▸ **GIVEN INFORMATION**
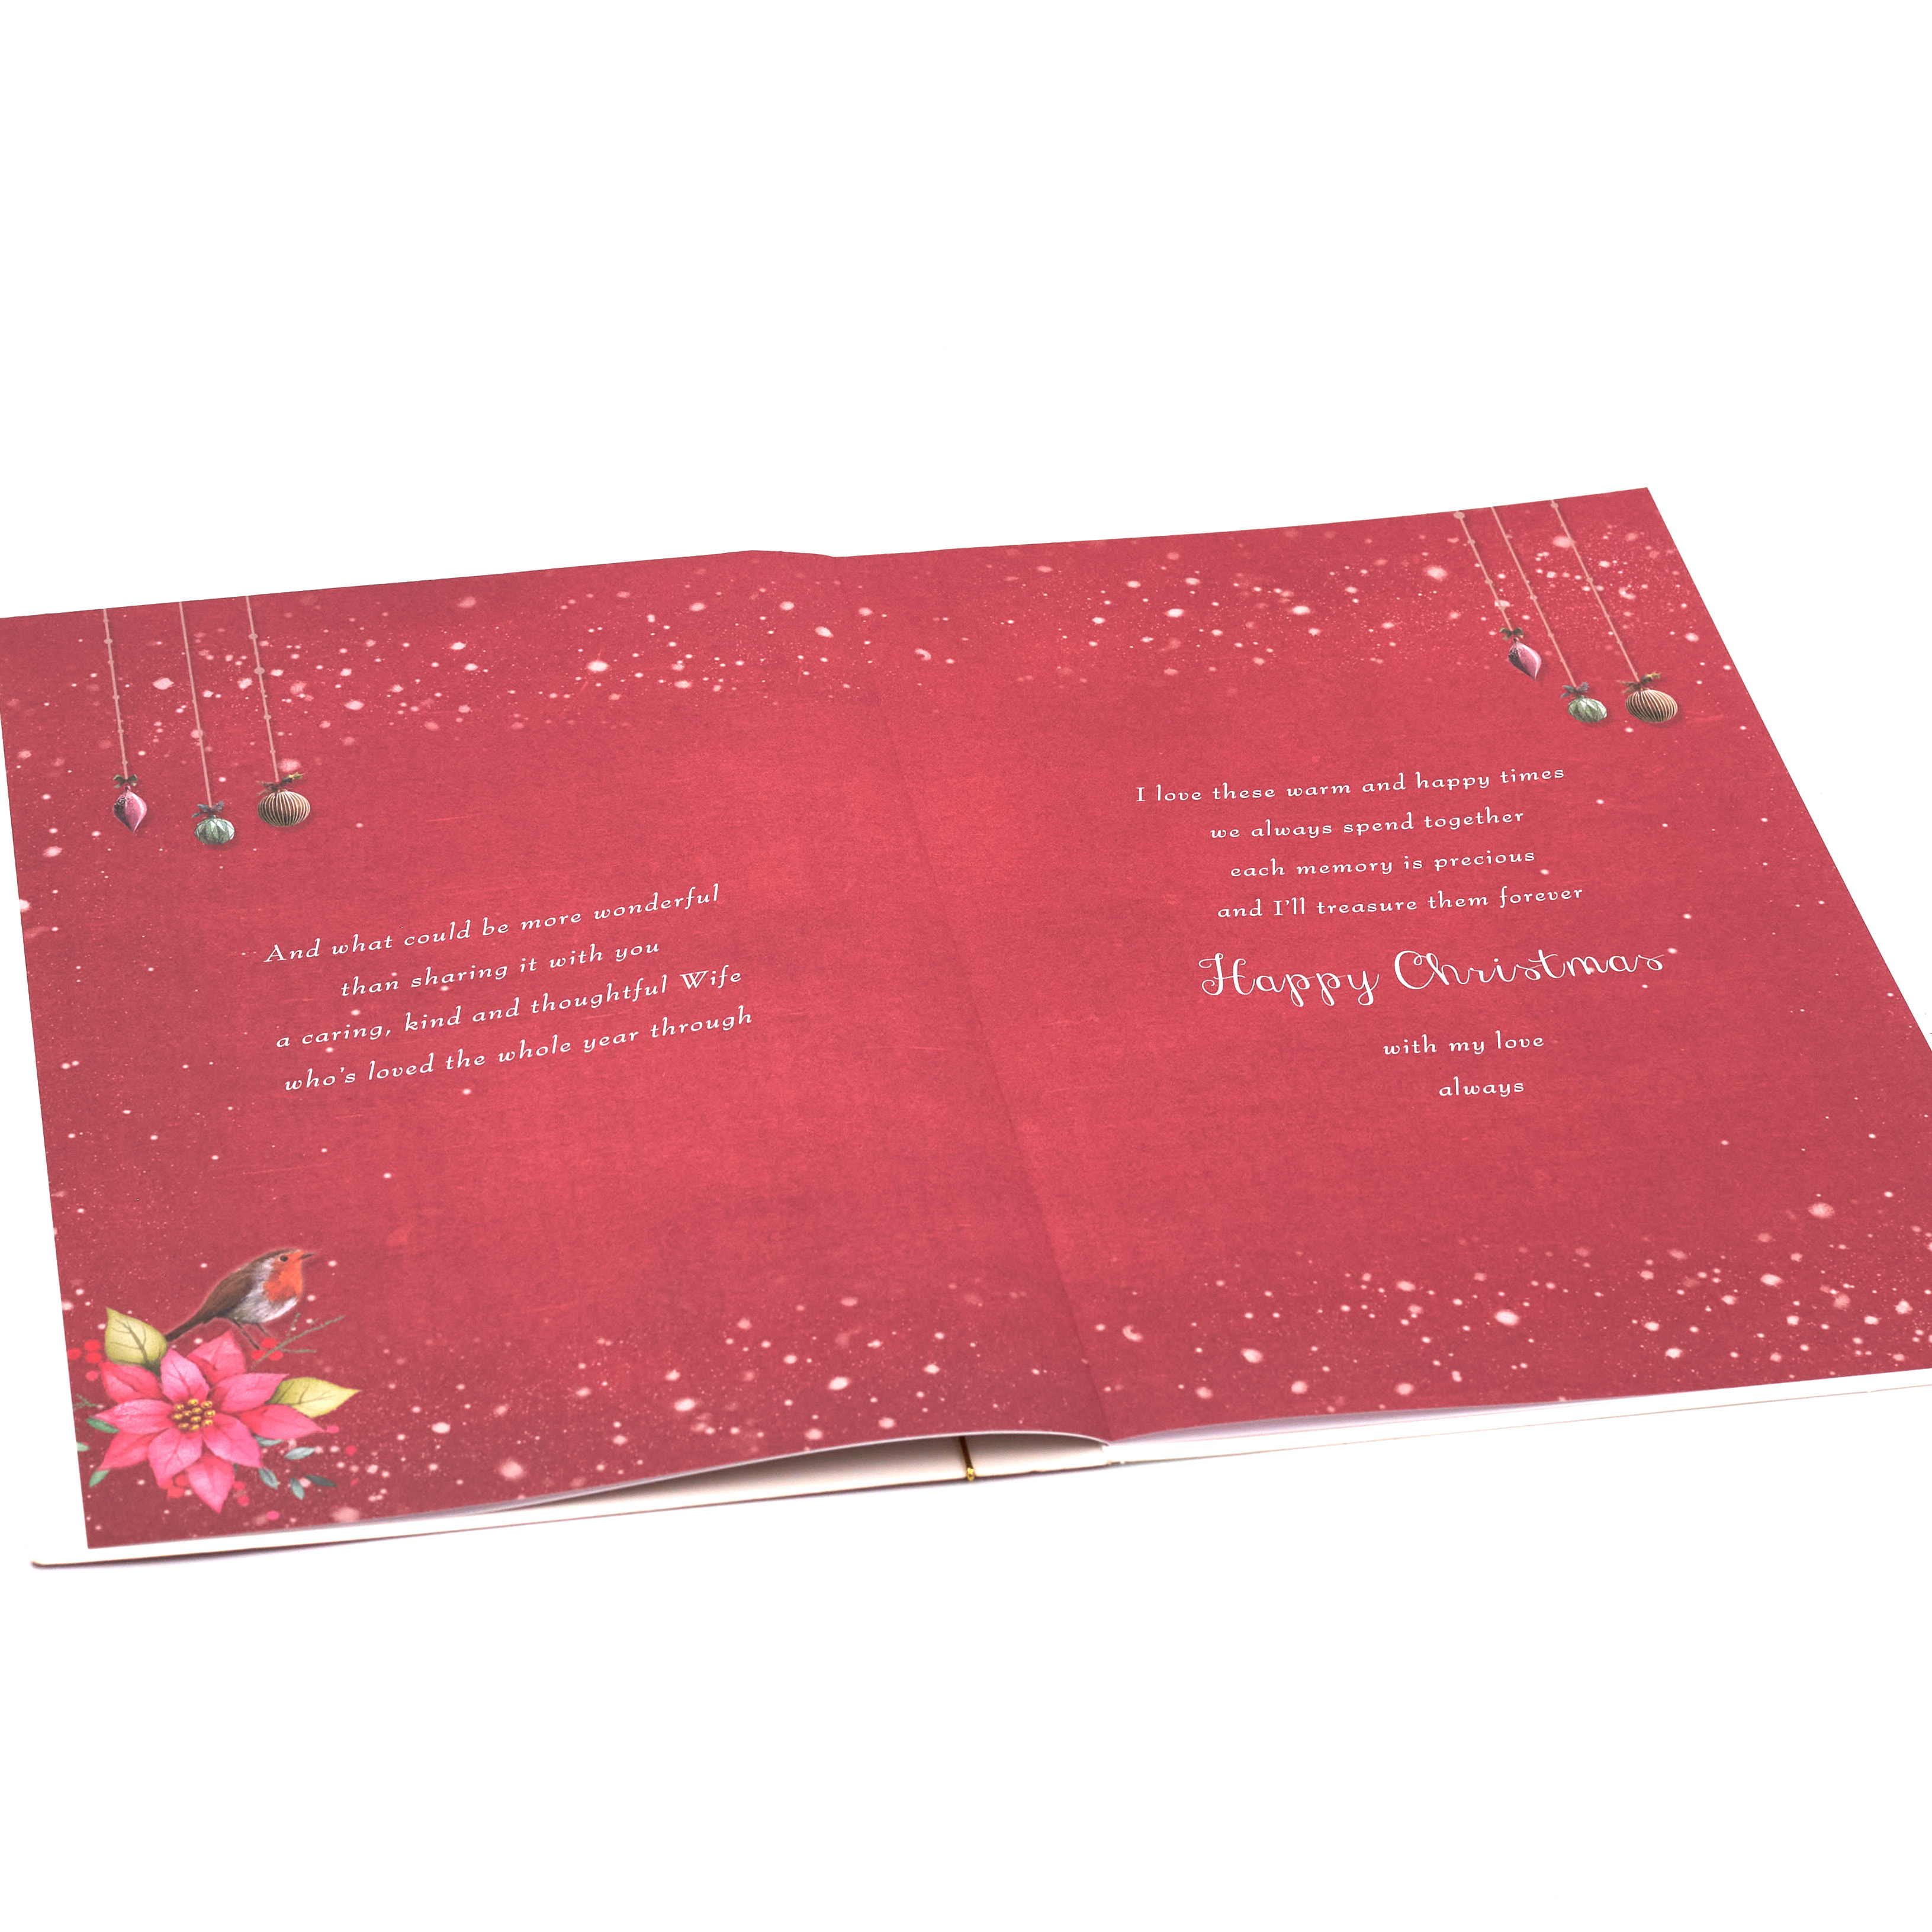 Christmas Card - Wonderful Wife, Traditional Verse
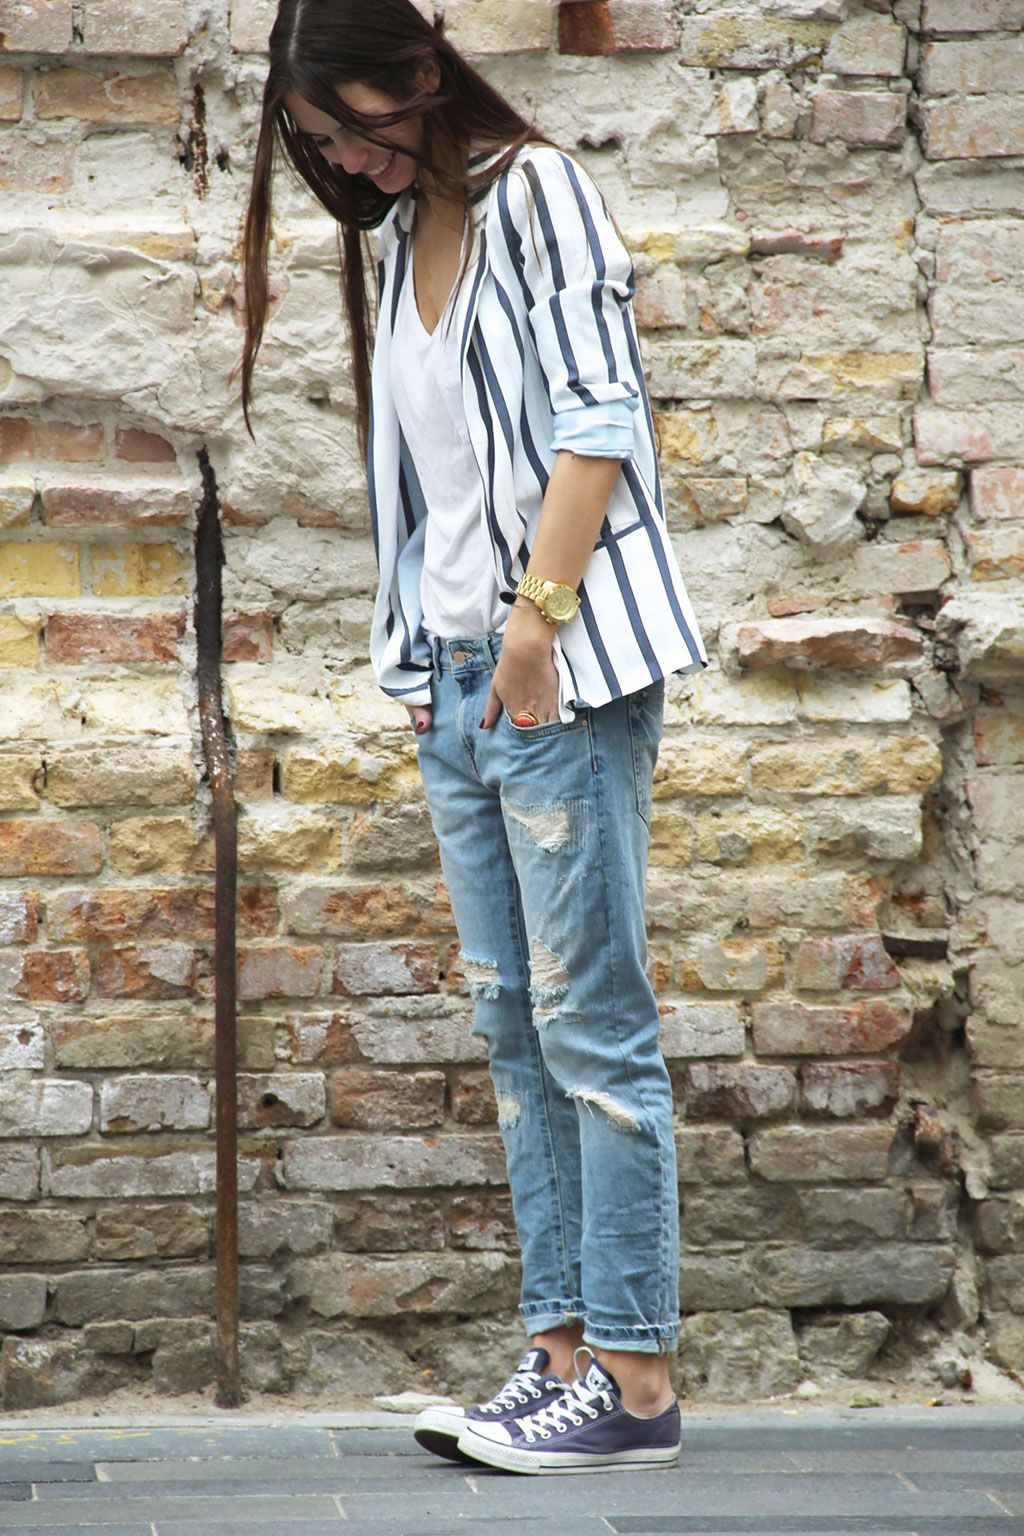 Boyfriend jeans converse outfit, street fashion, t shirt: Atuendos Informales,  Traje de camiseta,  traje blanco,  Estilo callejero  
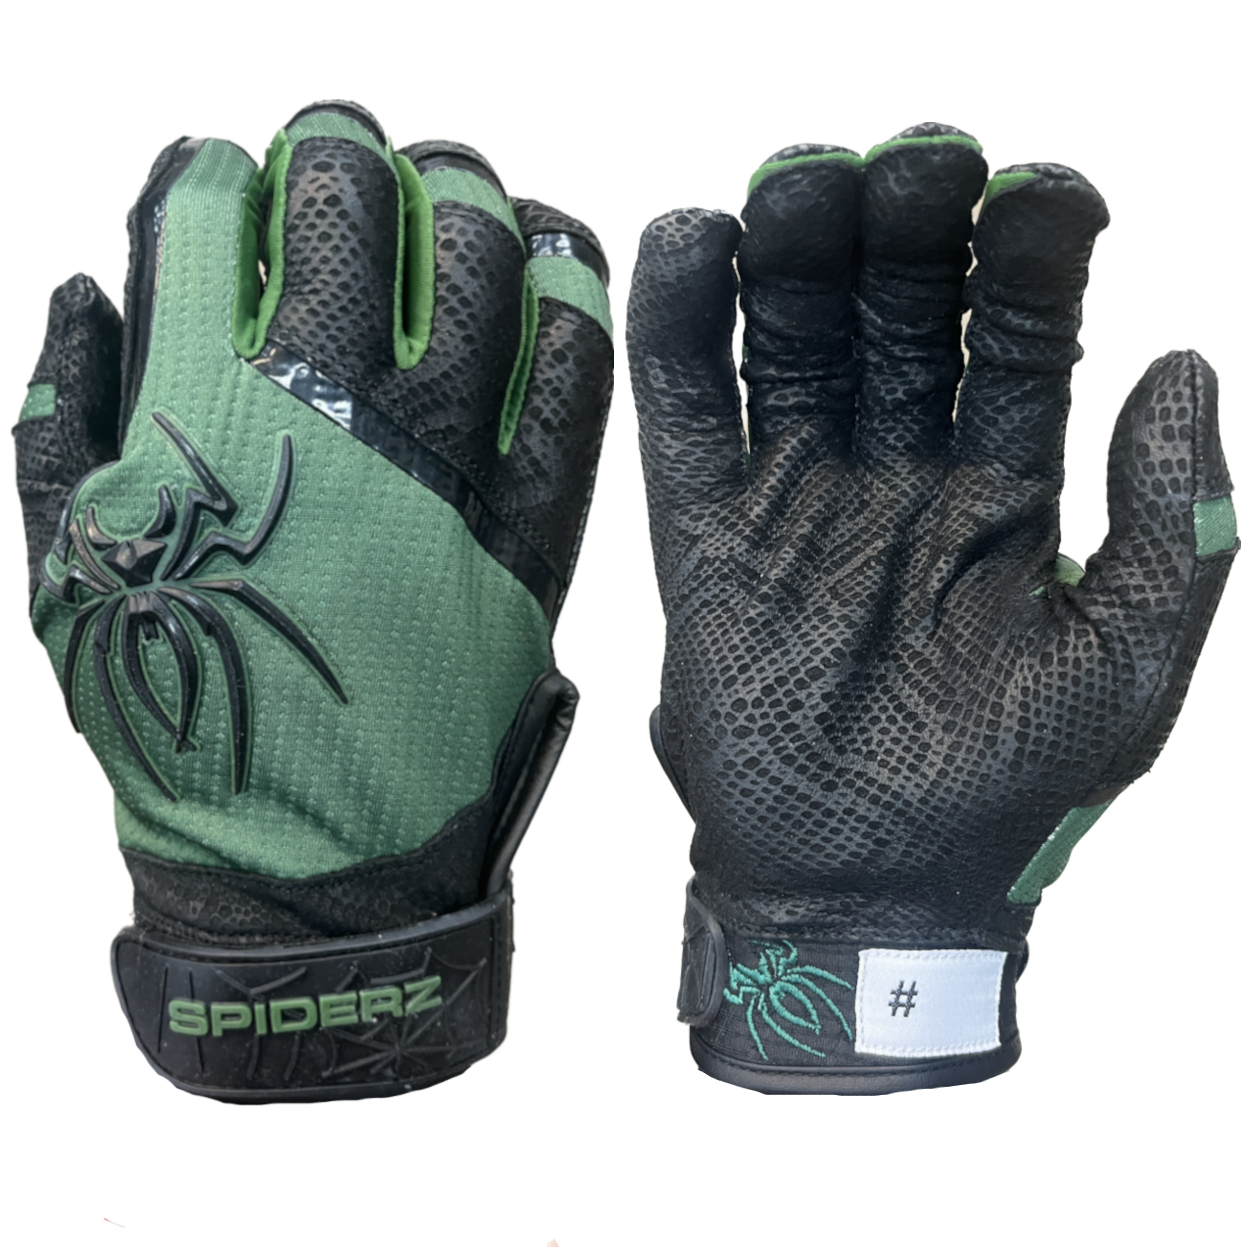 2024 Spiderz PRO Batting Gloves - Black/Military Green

▸ **DIRECTIONS FOR THIS TASK**
Retype the data above exactly. Leave the pictures out.

▸ **WRITTEN RESPONSE**
 Christmas Card - Wonderful Wife, Traditional Verse
 Boyfriend jeans converse outfit, street fashion, t shirt: Atuendos Informales,  Traje de camiseta,  traje blanco,  Estilo callejero  
 2024 Spiderz PRO Batting Gloves - Black/Military Green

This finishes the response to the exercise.